Use a trigger point release ball or a tennis ball to target and relax tight muscles.

7. Wear Supportive Footwear

Choose comfortable, cushioned shoes that support your arches to minimise stress on your pelvis.

How to Modify Activities to Reduce Pain

To manage SPD effectively, focus on minimising movements that cause strain or shearing forces on the pelvis.

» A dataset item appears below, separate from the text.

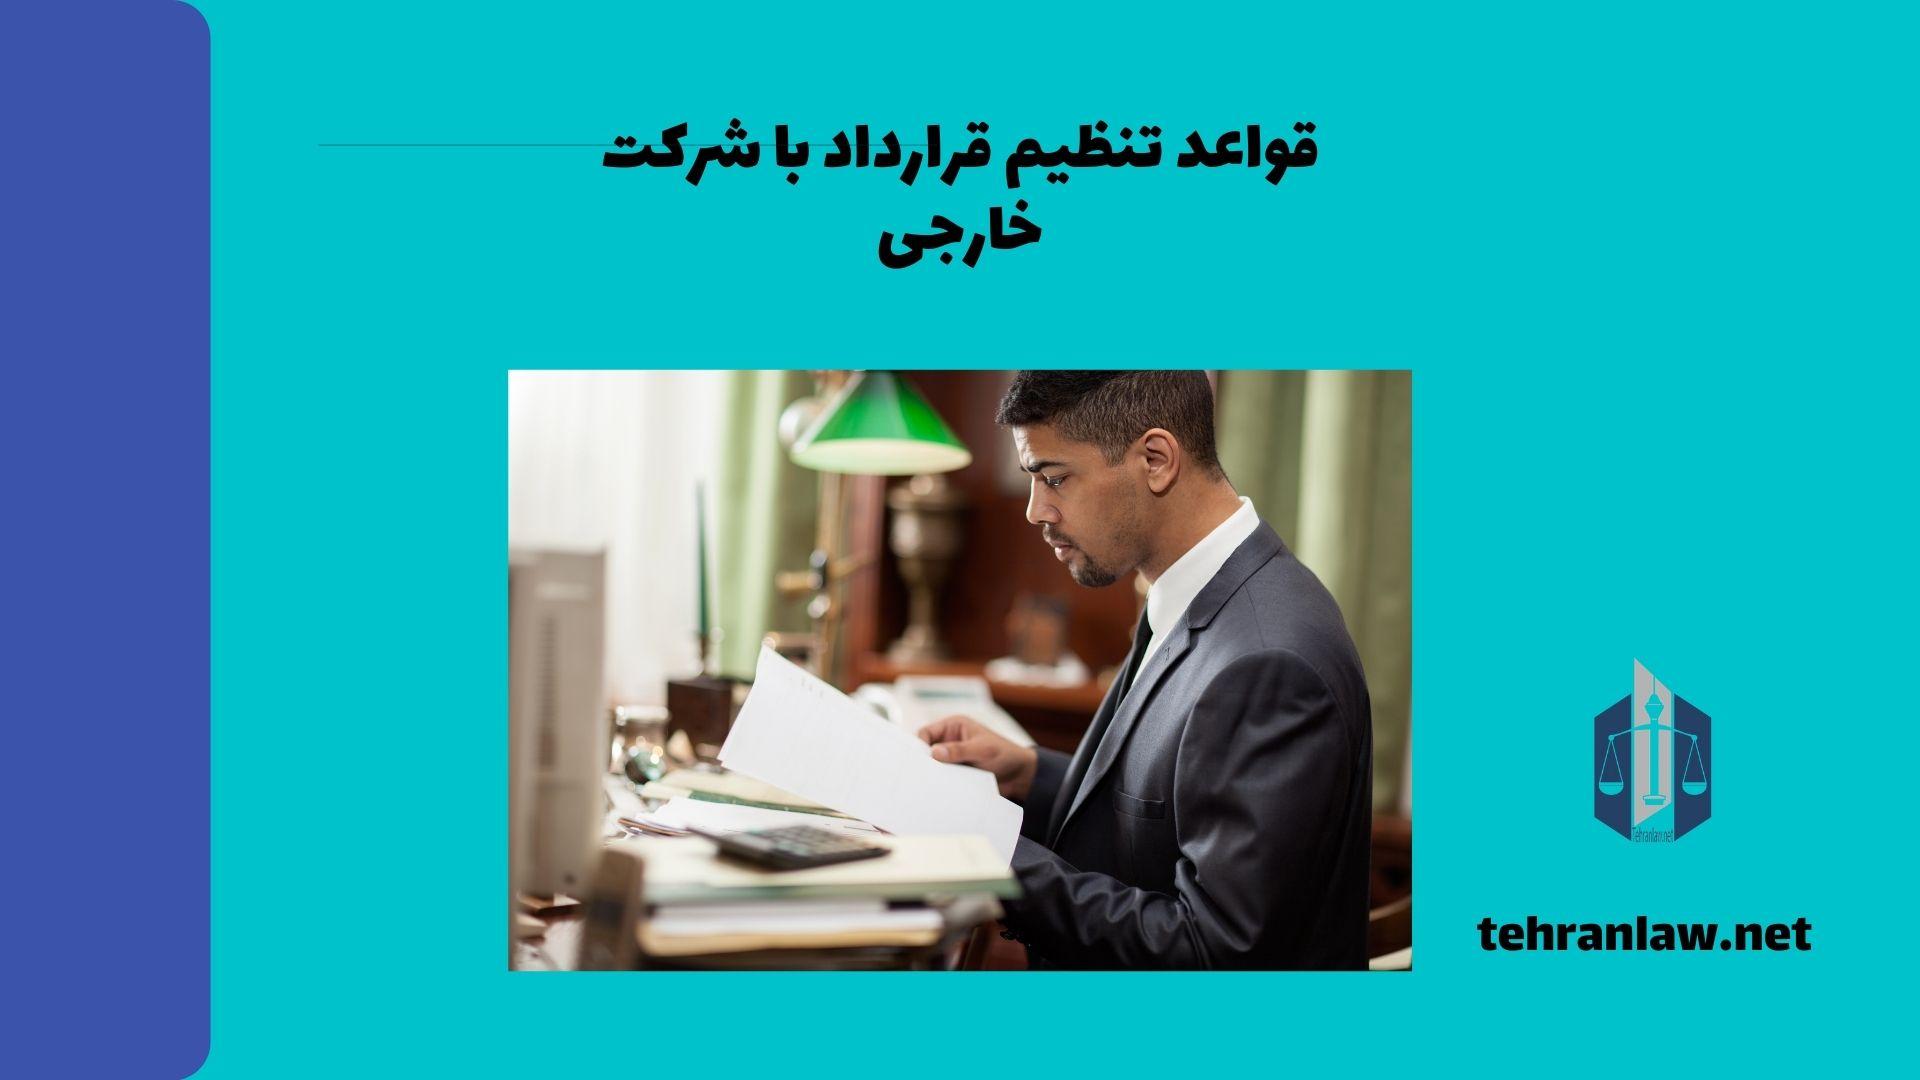 قواعد تنظیم قرارداد با شرکت خارجی

Here are some practical adjustments:

  • Sleeping: Sleep with a pillow between your knees to keep your hips aligned.
  • Rolling Over in Bed: Roll onto your stomach (roll onto your hands and knees to roll over) rather than twisting your pelvis.
  • Getting In and Out of Bed: Keep your knees together to avoid stress on the joints.
  • Using Stairs: Go up and down stairs with two feet on each step or sideways for better stability.
  • Getting In and Out of the Car: Sit down first and swing your legs in/out together.
  • Dressing: Sit while putting on shoes or pants to avoid standing on one leg.
  • Walking: Take shorter steps to reduce pelvic strain and avoid long walks if painful.
  • Resting: Listen to your body and rest whenever possible.

Final Thoughts

SPD can be tough, but it doesn’t have to overshadow your pregnancy experience. By identifying the symptoms early, seeking support, and adopting simple lifestyle adjustments, you can effectively manage the pain and stay in control.